Sitaw (Long Bean) Leaves
Vines with Leaves [Talbos ng Sitaw (Philippine); Vigna unguiculata var sesquipedalis]

Filipino home cooking has a long tradition of using a wide assortment of greens, usually harvested from the back yard garden. Some of these are not familiar to our North American kitchens, and this is one of that sort. It can be used in stir fries and soups.

Note that the word "Sitaw" in Filipino is inexact. It is used both for the Asian long bean and for the more recently acquired Green Bean, brought by Europeans (who got them from Mexico). Presumably your supplier is providing the right kind.

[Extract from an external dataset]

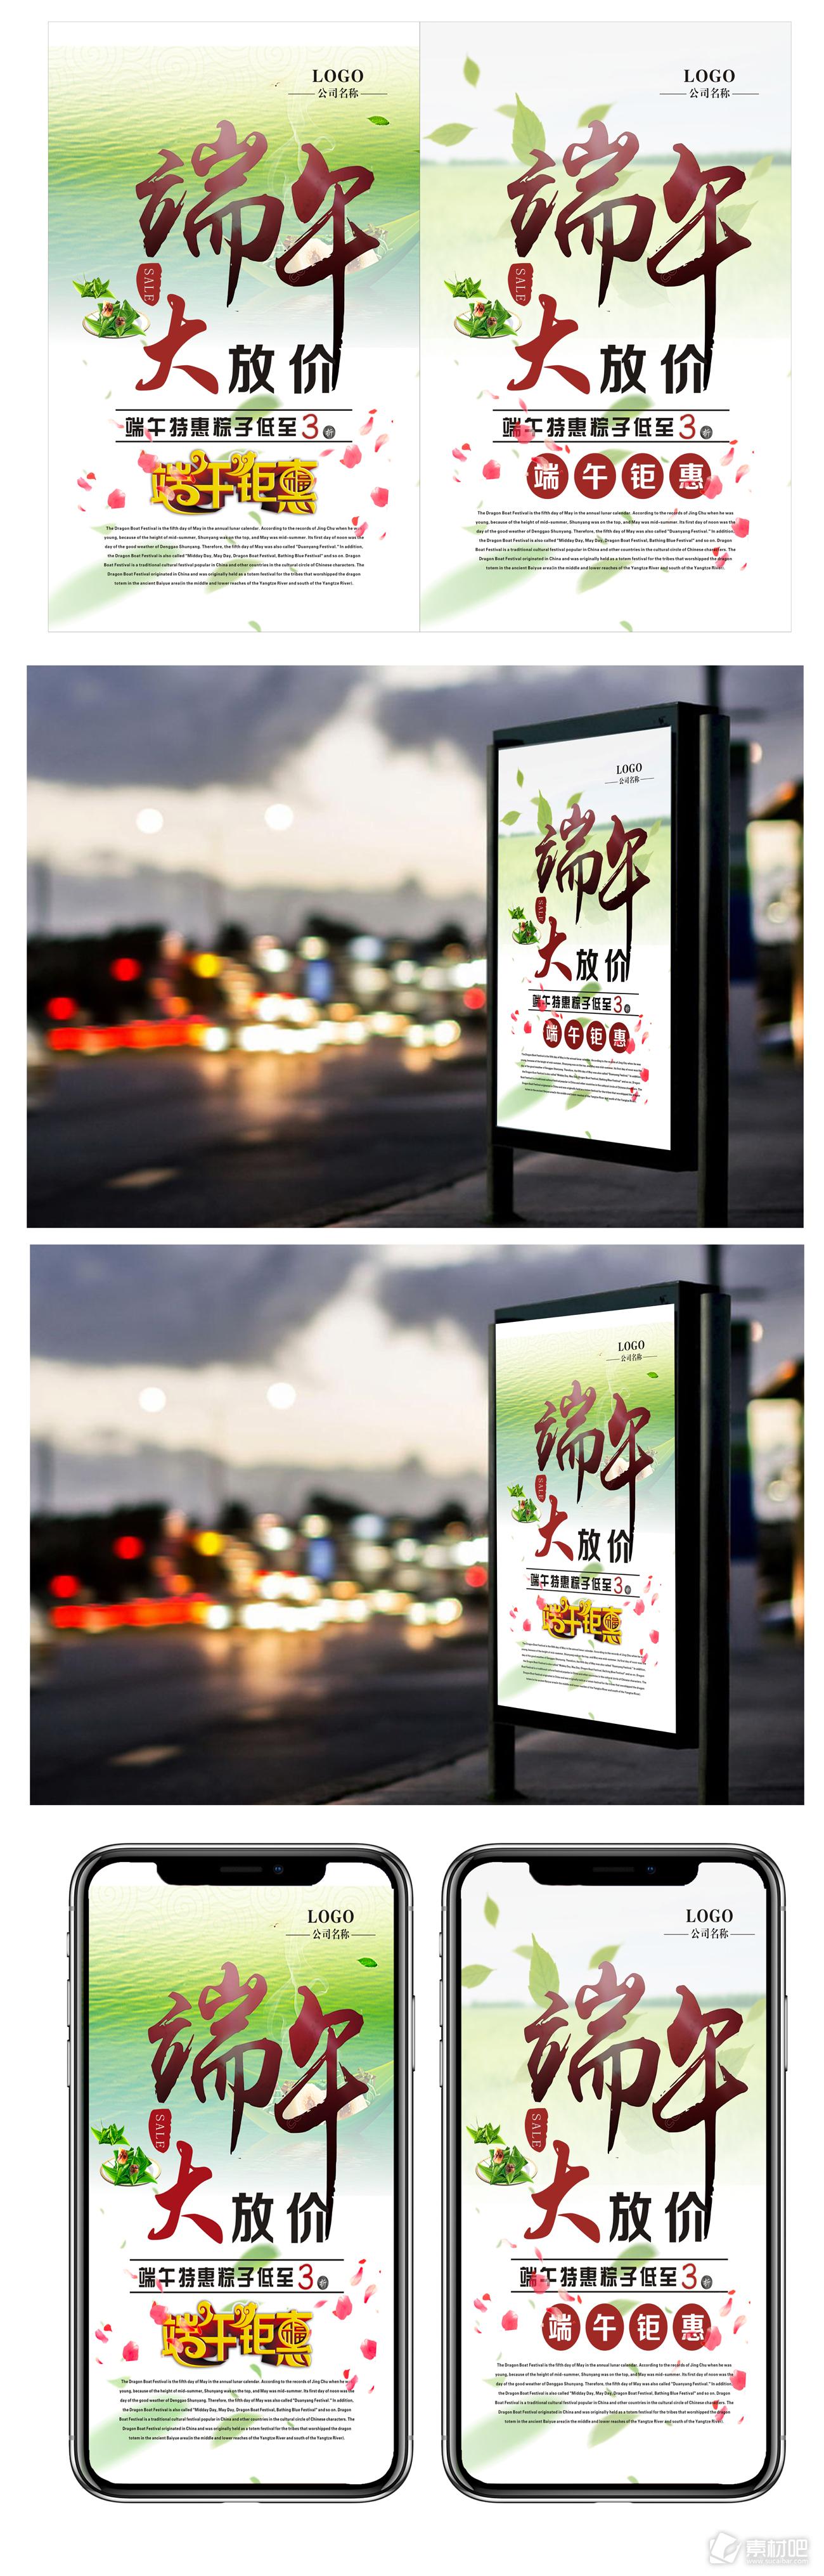 端午节节日宣传展板海报

More on Beans, Peas and Lentils.

Buying:   These can be had from large and active Philippine markets. My local market puts out bundles of greens on Friday or Saturday morning for sale over the weekend. Don't depend on the signs - the bundles may be all mixed up (they expect their customers to know what they are). Note the lack of fuzz and the lack of binding tendrils (these plants are "bines", climbing by twisting around stuff). Squash leaves are very fuzzy and Chayote leaves have lots of binding tendrils. Bitter Melon leaves are much smaller and Chili leaves have a simple elongated shape.

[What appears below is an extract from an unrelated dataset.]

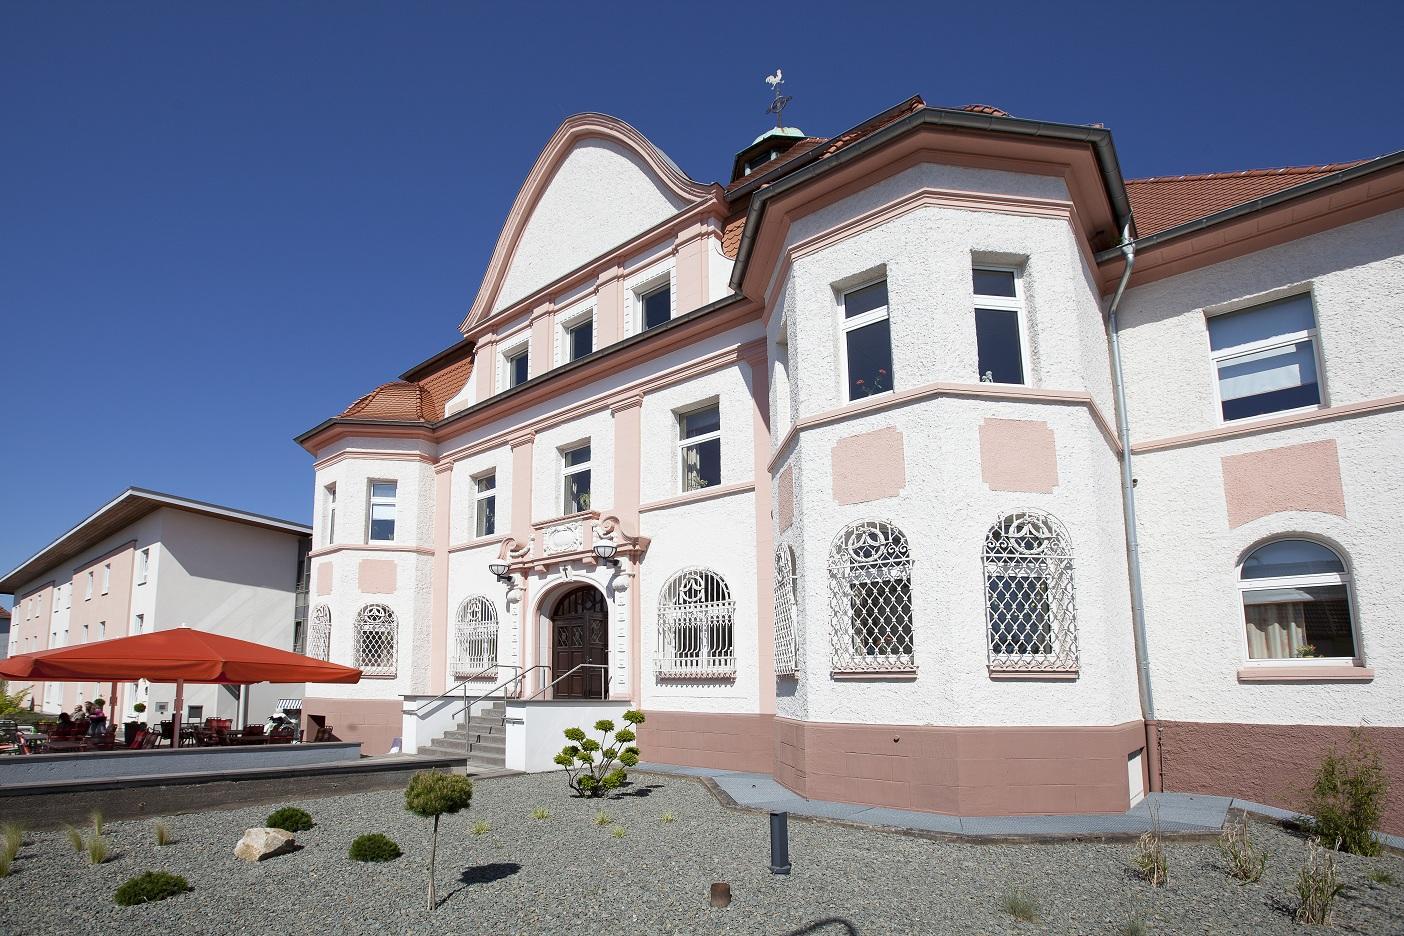 St. Vincenz Alten- und Pflegeheim

Leaves should be fresh looking, dark green, without black spots and not wilted. If it needs refreshing when you get it home, cut off the bottom 1/2 inch of the stems and use the "full immersion" method in cold water to refresh them, for about 1/2 hour. Then spin off the water in your salad spinner.

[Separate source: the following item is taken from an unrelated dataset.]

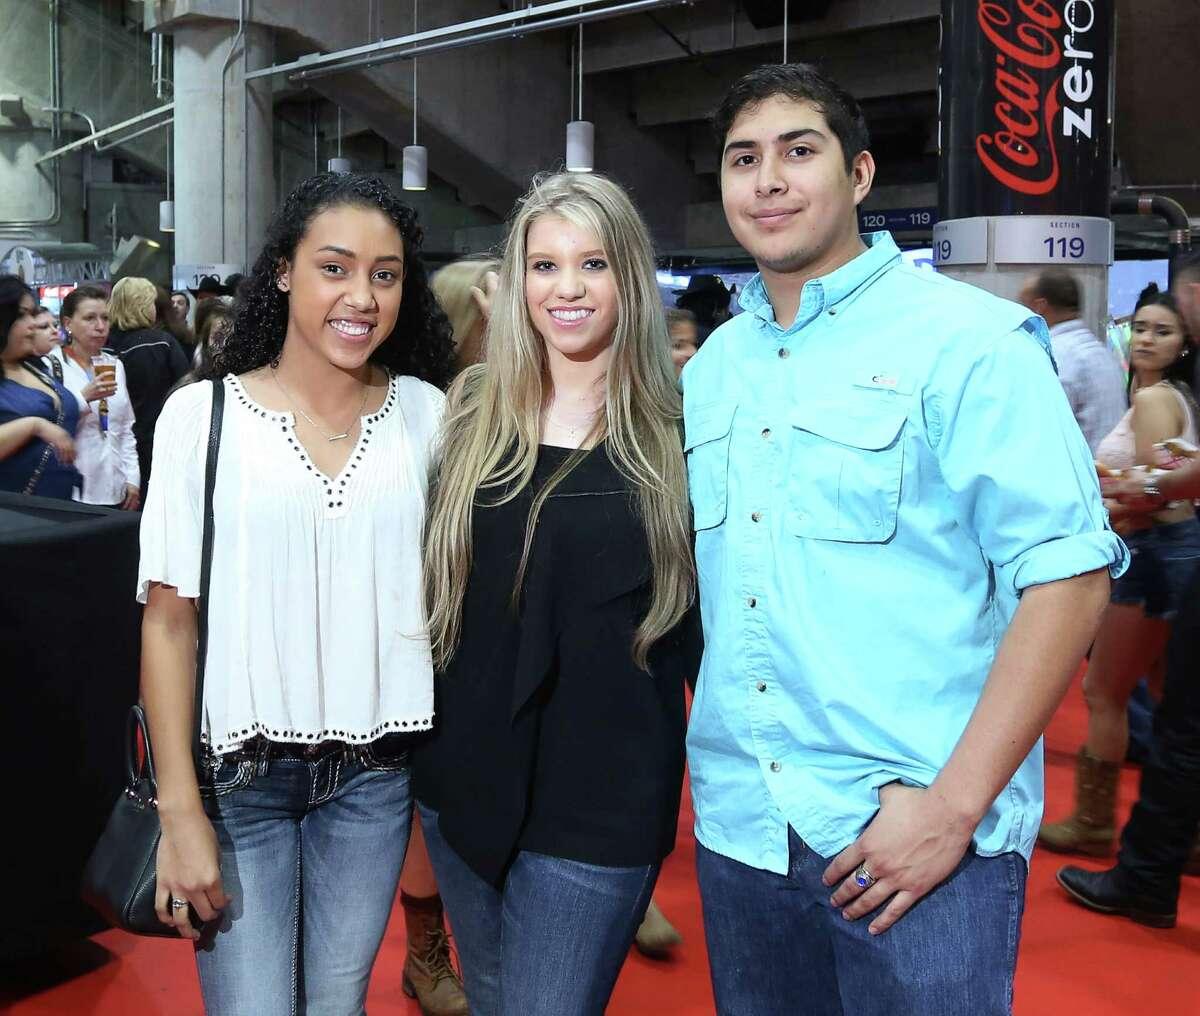 Luke Bryan fans at his RodeoHouston concert on Thursday

Storing:   These are fairly sturdy and will last up to 5 days loosely wrapped in the fridge, if they are in good shape to start with.

Preparing:   Pull off the leaves, leaving the leaf stems behind (they're tougher than the main stems). Tear them to the size you want. You can use any flower buds you find, and the tender tips - but only so far as you can pinch them off with a snap, with no hint of fibers. Fibrous stems will be too stringy to eat and will not become tender even with extended cooking.

Cooking:   These are pretty sturdy greens and can stand at least 20 minutes simmering and still be quite firm.